The four polymorphisms were not in linkage disequilibrium. No significant deviation of the observed genotype distributions from the expected genotype distributions as predicted by the Hardy–Weinberg theory were detected. We found no association of the homozygous genotypes with increased risks of melanoma (Table 1). The same results were obtained while adjusting for the possible risk factors age, gender, skin type and eye and hair color (data not shown). Exploratory analyses of subgroups of melanoma patients compared to all controls indicated no association of these genotypes with increased risks for the development of multiple primary melanomas (n=28), a negative family history for melanoma (n=277), melanomas in individuals with less than 50 nevi (n=273), melanomas in individuals older than 55 years (n=142), and melanomas thicker than 1 mm (n=126).

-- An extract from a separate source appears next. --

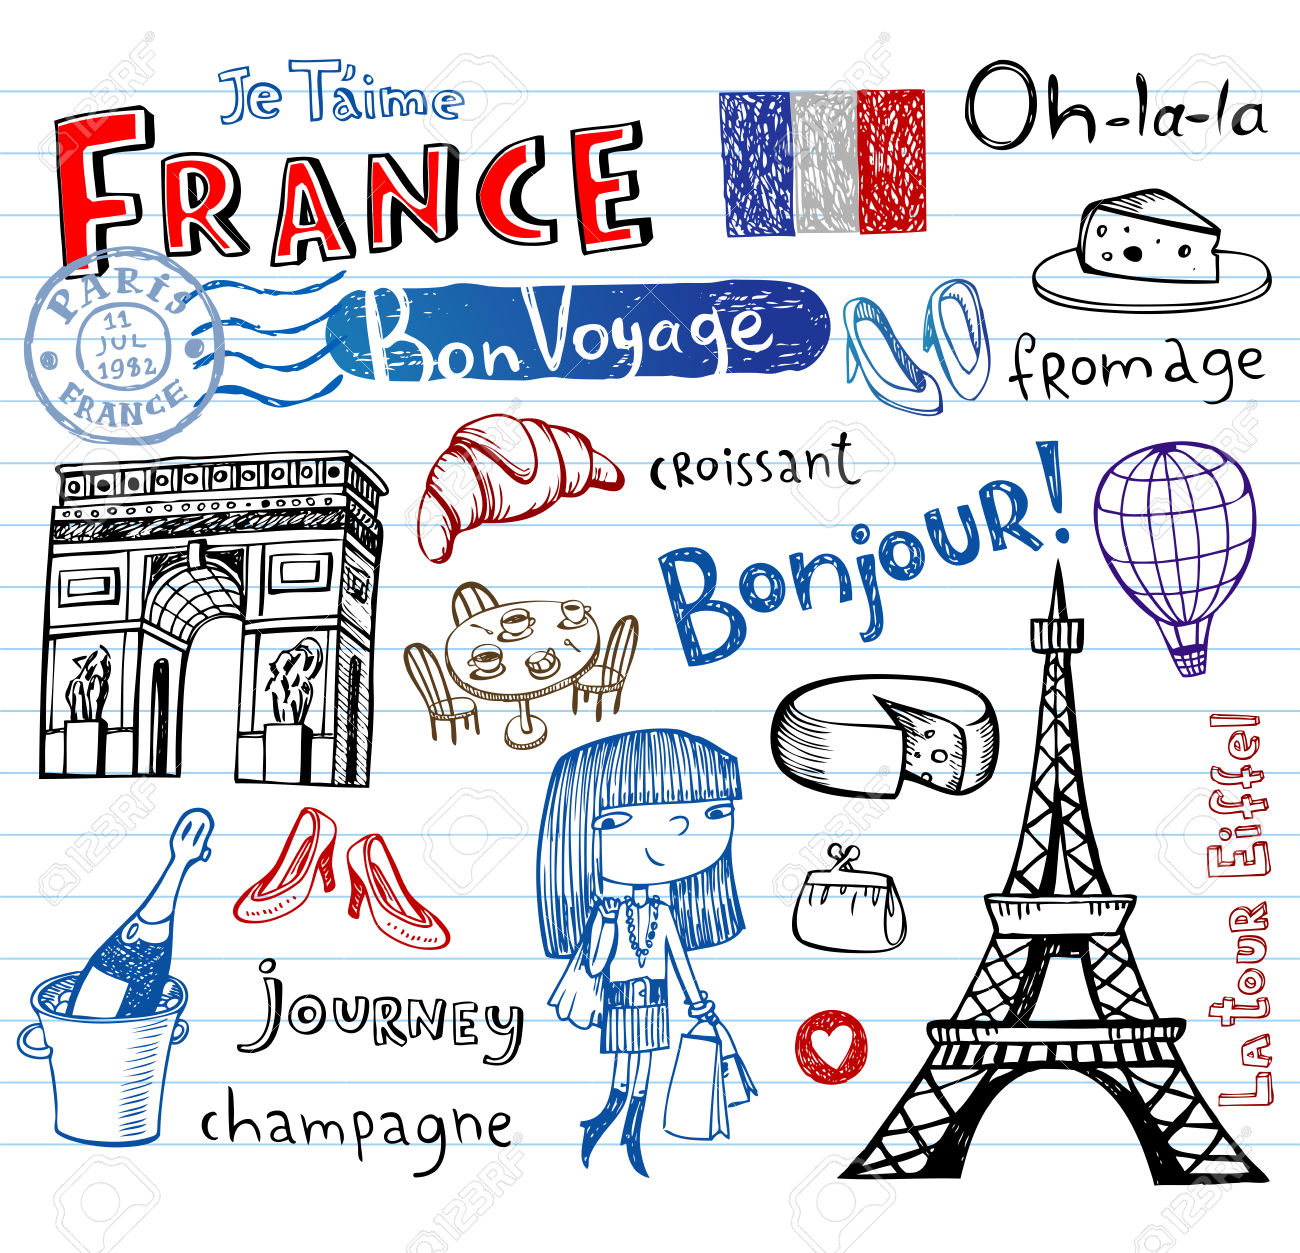 Podróże - nagłówek - Francuski przy kawie

Table 1 Analysis of XPC and XPG genotype frequencies, ORs, and 95% CIs for melanoma and allele frequencies

Discussion

To our knowledge, this is the first case–control study of XPC and XPG polymorphisms in relation to melanoma. The allele frequencies for the XPC G1580A and G2166A polymorphisms were previously unknown. Two of the four polymorphisms may not alter DNA repair: the G2166A base change in XPC exon 10 does not lead to an amino-acid change and Gozukara et al5 reported that both the XPC 1601T and 1601C alleles had similar functional activities using a host cell reactivation-based complementation assay. However, they may be linked to other functionally relevant genetic variations. For example, both alleles of an XPC exon 15 polymorphism (A2920C; Lys939Gln) showed similar DNA repair activities in the complementation assay but further studies revealed that it is associated with the risk for developing bladder cancer.6 Another Poly (AT) insertion polymorphism within XPC intron 9 is normally spliced out during XPC mRNA processing but was found to be associated with the development of squamous cell cancer of the head and neck.7 Subsequently, it was found that both polymorphisms are in linkage disequilibrium to yet a third XPC splice site polymorphism that exhibits functional relevance.8 The XPC exon 8 (G1580A, Arg492His) polymorphism has not been evaluated for its effect on DNA repair. The allele frequencies for the XPC T1601C and XPG C3507G polymorphisms found in the present European population match our previously reported frequencies found in 84 and 91 anonymous donors from the US.5,9 In two distinct Scandinavian populations from Sweden and Finland, similar allele frequencies for the XPG C3507G polymorphism and an association with the occurrence of bladder and breast cancer were reported.6,10 Interestingly, in a Korean study of 310 lung cancer patients and 311 healthy controls the XPG 3507G allele was found at a frequency between 0.55 and 0.5 rather than 0.8 and 0.79 and was associated with a decreased risk of lung cancer.11 This may indicate that the XPG codon 1104 polymorphism varies between ethnic groups. Further studies are necessary to clarify the role of DNA repair gene polymorphisms in melanoma development.